Barolo wine is known for its bright, intense garnet red colour. The nose offers a wide range of aromas, including roses, violets, cherries, liquorice, earth and spices, which become more complex and intriguing with age. In the mouth, the Barolo has a powerful structure and vigorous tannins, but at the same time elegant and balanced.

Barolo is only put on the market from 1 January of the fourth year following the harvest, and only after it has been aged for at least 18 months in wood.

These characteristics make it possible for Barolo to age in a sophisticated manner that allows it to express its full potential.

Barolo is often associated with traditional Piedmontese dishes such as braised beef with Barolo and mature cheeses. It is a wine that demands attention and respect when tasting, as it offers a true sensory experience for wine lovers.


4)Pinot nero


Pinot Noir is a prestigious Italian wine produced in Veneto, Friuli, Franciacorta and Trentino-Alto Adige.

It is described as the ‘diva of the vines’ because of the extreme sensitivity and care required during cultivation.

Pinot Noir offers a wide range of aromas and flavours, including strawberries, cherries, raspberries and occasional hints of blueberries.

It is often characterised by an earthy perfume and floral nuances, such as roses or violets. In the mouth, it is generally a light to medium-bodied wine with soft tannins and a delicate structure that allows one to appreciate its complex nuances.

It is a wine that requires care when tasting, as it offers extraordinary complexity and a range of nuances that can evolve over the years.

for more info Cantina Pizzolato


3) Montepulciano


Montepulciano wine is a red wine named after the grapes used to produce it, generally grown in Abruzzo.

Montepulciano is composed of a minimum of 85% Montepulciano grapes to which grapes from other black grape varieties may be added.

The nose presents notes of black fruits such as plum, black cherry and blackberry, accompanied by spicy and earthy nuances. In the mouth, it is generally smooth and juicy, with soft tannins that make it pleasant to drink even young. Depending on winemaking practices and ageing, it can vary from slightly fruity and fresh to more complex and aged versions with nuances of chocolate, tobacco and leather.
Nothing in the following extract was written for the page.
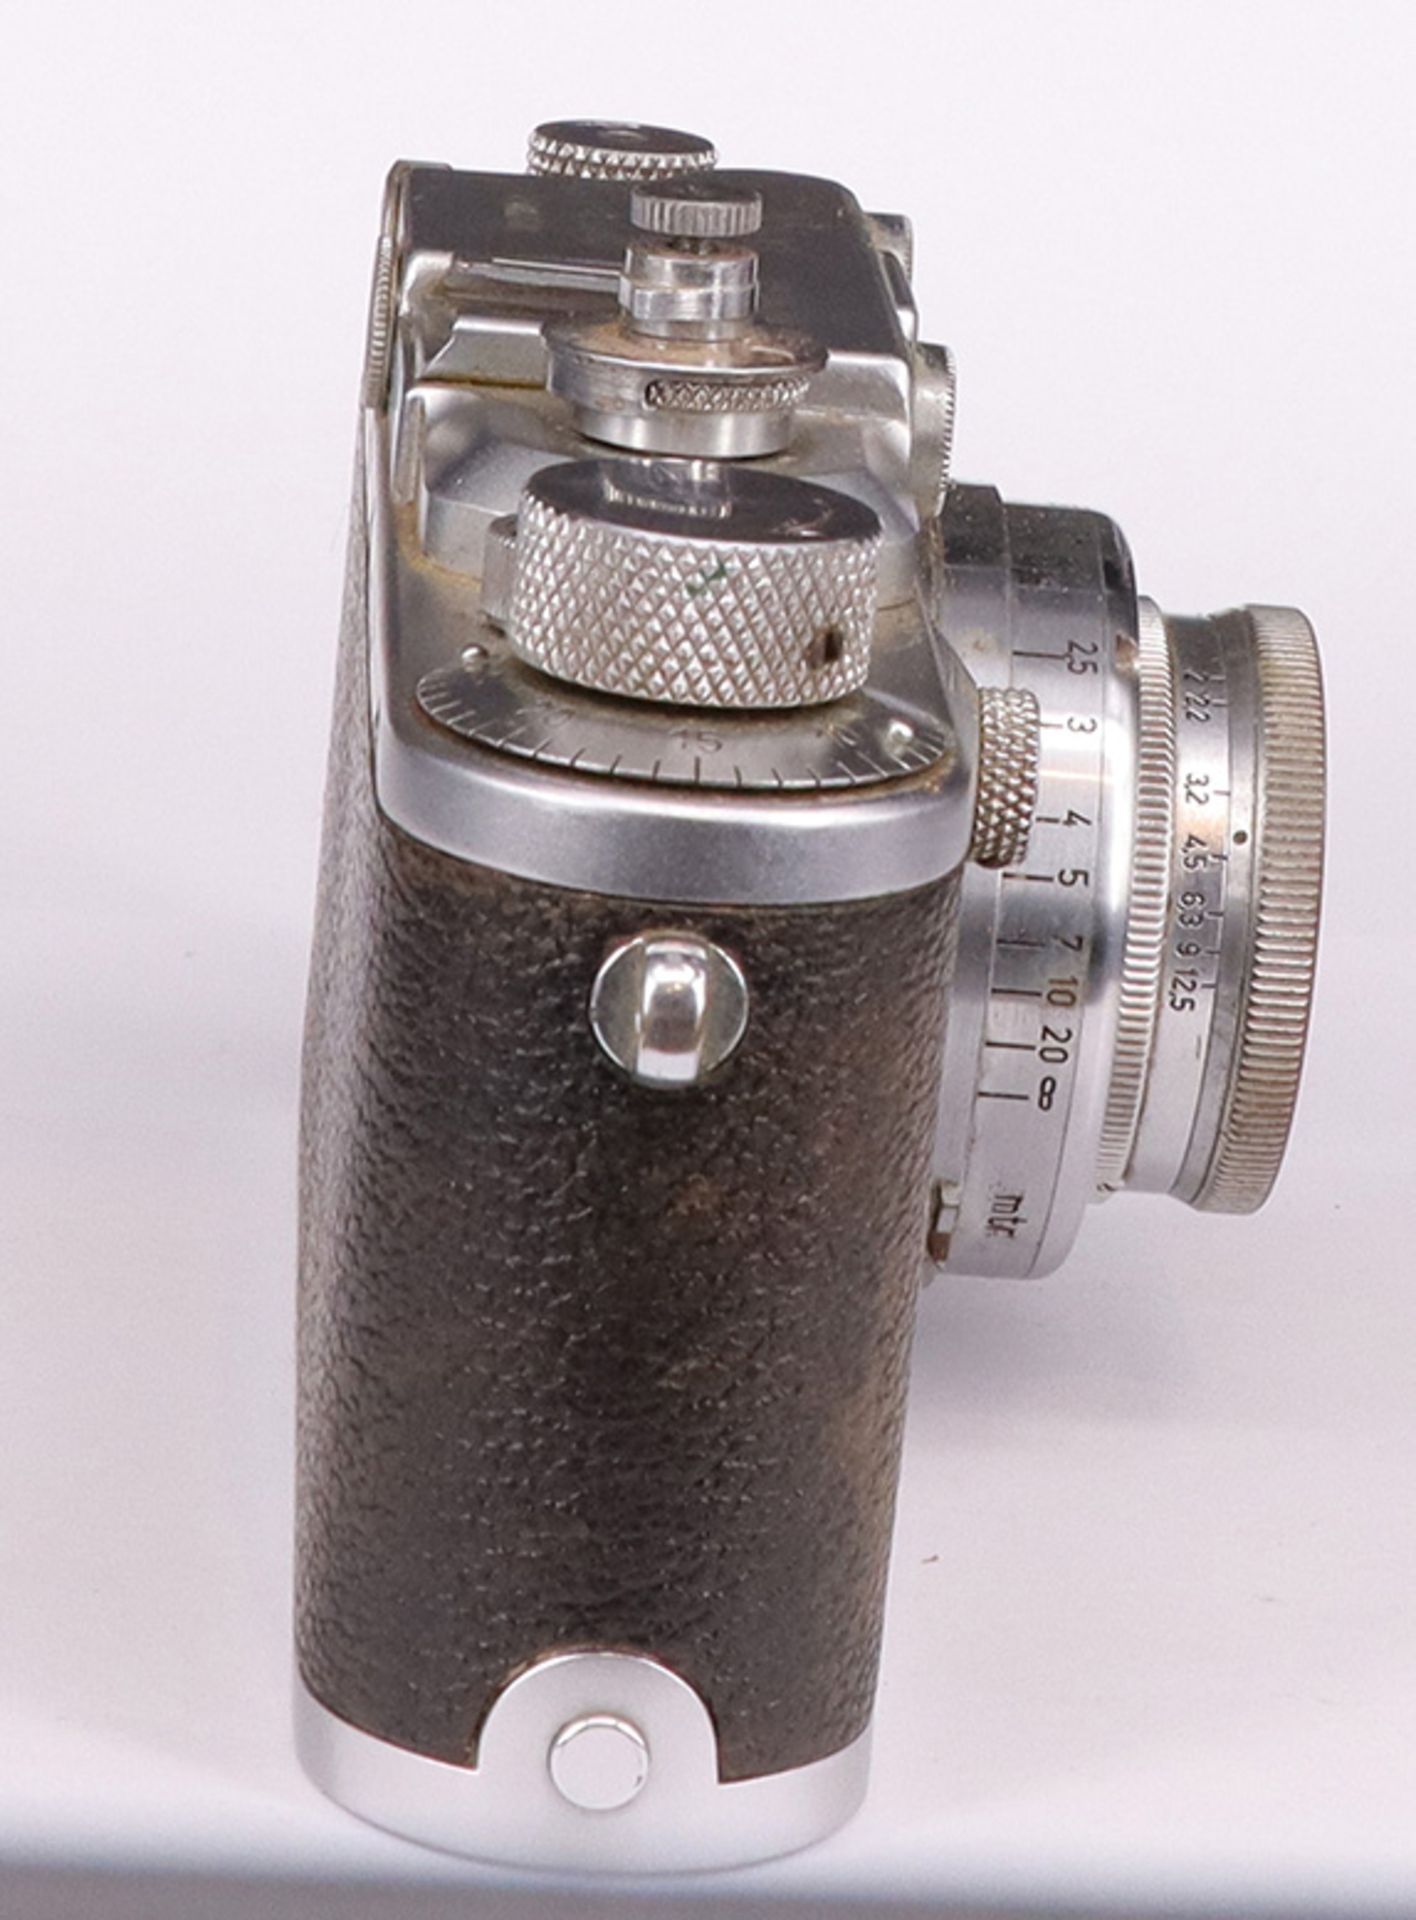 Leica, D.R.P. Ernst Leitz, Wetzlar, Kamera Nr. 261592, Objektiv f=5 cm 1:2, No 405024, Zustand: - Image 3 of 6

Compared to the previous wines, Montepulciano can also be drunk young, provided it is aged for no less than two years, of which at least nine months in wooden barrels.


2) Lambrusco


Lambrusco is a wine originating in Emilia-Romagna.

There are few wines that symbolise Italian character like Lambrusco, a light, sparkling wine that is one of the world’s best-loved.

Lambrusco exports exceed 200 million each year, concentrated mainly in countries such as the USA, Germany and China.

Lambrusco has a wide range of colours, depending on the grape varieties used and the degree of ageing.

The nose provides aromas of red fruits such as cherry, strawberry and raspberry, with hints of flowers and light herbal notes.

In the mouth, Lambrusco’s characteristic crispness gives the wine a pleasant liveliness and makes it an ideal choice for informal occasions. Fruity flavours combine with good acidity, often balanced by residual sweetness in the sweet types.


It is important to note that there are several varieties of Lambrusco, each with its own specific characteristics. Some of the best known varieties include Lambrusco di Sorbara, Lambrusco Grasparossa and Lambrusco Salamino.






Prosecco is the best-selling Italian wine in the world with more than 500 million bottles sold per year.

It is mainly made from the Glera grape (at least 85%), but may also include small percentages of other white grape varieties.

Its fine, persistent mousse gives the wine a pleasant effervescence.

On the nose, Prosecco offers aromas of fresh fruit, such as green apple, pear and citrus, along with floral notes, often with hints of acacia flowers and wisteria.

Prosecco is available in numerous variants, the most important of which are Prosecco Frizzante and Prosecco Spumante.

Prosecco Spumante is made using the Charmat method, in which the second fermentation takes place in an autoclave in order to maintain freshness and fruity aromas.